In some respects, Knüsel said, the EU regime is broader than the Retail Distribution Review reforms in the UK that kicked in from 2013. (In the case of the RDR, it has been associated with banks such as HSBC and Barclays hiking investment minimums for clients, prompting worries about the “advice gap”.)

So what are firms doing?

“We expect that at least as far as European countries go, MiFID 2 will come in by 2017 by the latest. By then, banks need to have changed their pricing. In the Netherlands, for example, they need to be compliant with this already,” Knüsel said.

“The Netherlands has similar rules to the UK, while the rest of Europe will be moving to a commission-free environment through MiFID 2. Switzerland, although not part of the EU, has a very similar set of rules to MiFID 2 coming in,” she said.

“Mainly, banks really try to keep the current level of services and increase prices on other services…..they try to introduce new structures in pricing. Banks are trying to align price with value more robustly. For example, the introduction or increasing of service fees, raising minimum fees to reflect higher costs-to-serve for lower value clients or the introduction of performance fees to reflect value more effectively,” she continued.

MiFID 2 is designed to close perceived gaps in investor protection under an earlier version of these regulations. For example, firms must say whether investment advice is provided independently or not; they mustn’t accept inducements from third parties regarding providing investment advice. They must also carry out suitability and appropriateness assessments in more cases and comply with stronger investor protection rules for professional clients and eligible counterparties.
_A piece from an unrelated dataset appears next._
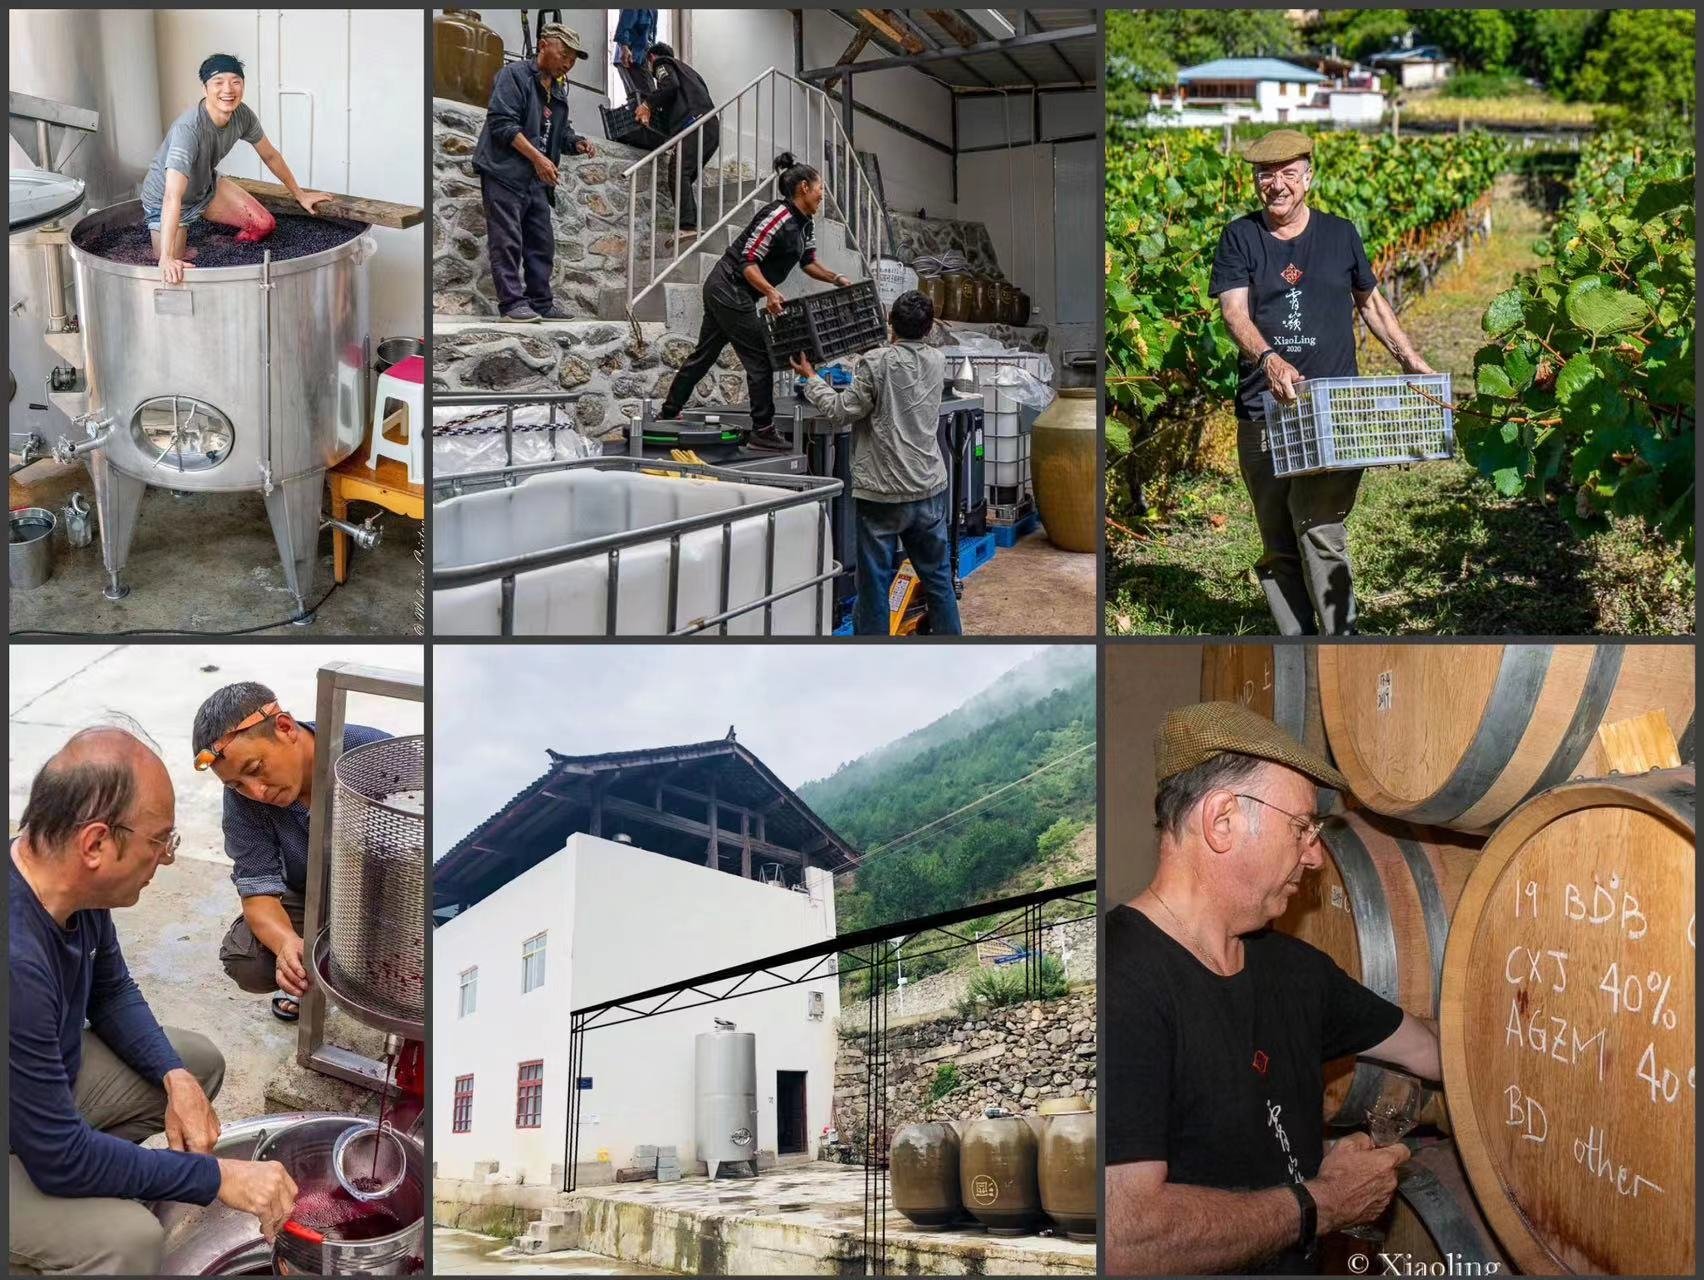 Bertrand Cristau: Some more photos from the process of winemaking.

The MiFID 2 regime has prompted a number of studies about client segmentation and business models. For example, a 92-page study was published last year from Roland Berger Strategy Consultants, a global firm. Among its conclusions was that “in our experience, profitability does not depend on total FuM (funds under management) but rather on the client focus, asset mix and certain regional factors. Global integrated banks can enjoy economies of scale if they manage their complexity costs optimally, but they do not automatically enjoy cost advantages over local private banks”. A number of other consultants – many of whom have given their thoughts to this publication in recent weeks – see MiFID and other regulations influencing client segmentation policy with varying levels of severity.

Fees

In the face of all this, Knüsel said, banks have introduced fixed service fees and asset-based fees: “Many major banks have done this, especially in Switzerland.” However, she declined to name which ones in particular, for client confidentiality reasons.   

What other trends is her firm seeing? Well, she said, there is more thematic segmentation of clients going on (this is not necessarily always driven by regulation but by other considerations).

“Yes…it is a clear trend that they developed a three-tiered product structure based on perception of features by different client segments,” she said.

“In future, we expect banks to become smarter in their segmentation approach, for example using segmentation to mitigate against discount leakage by providing better guidance to relationship managers,” she added.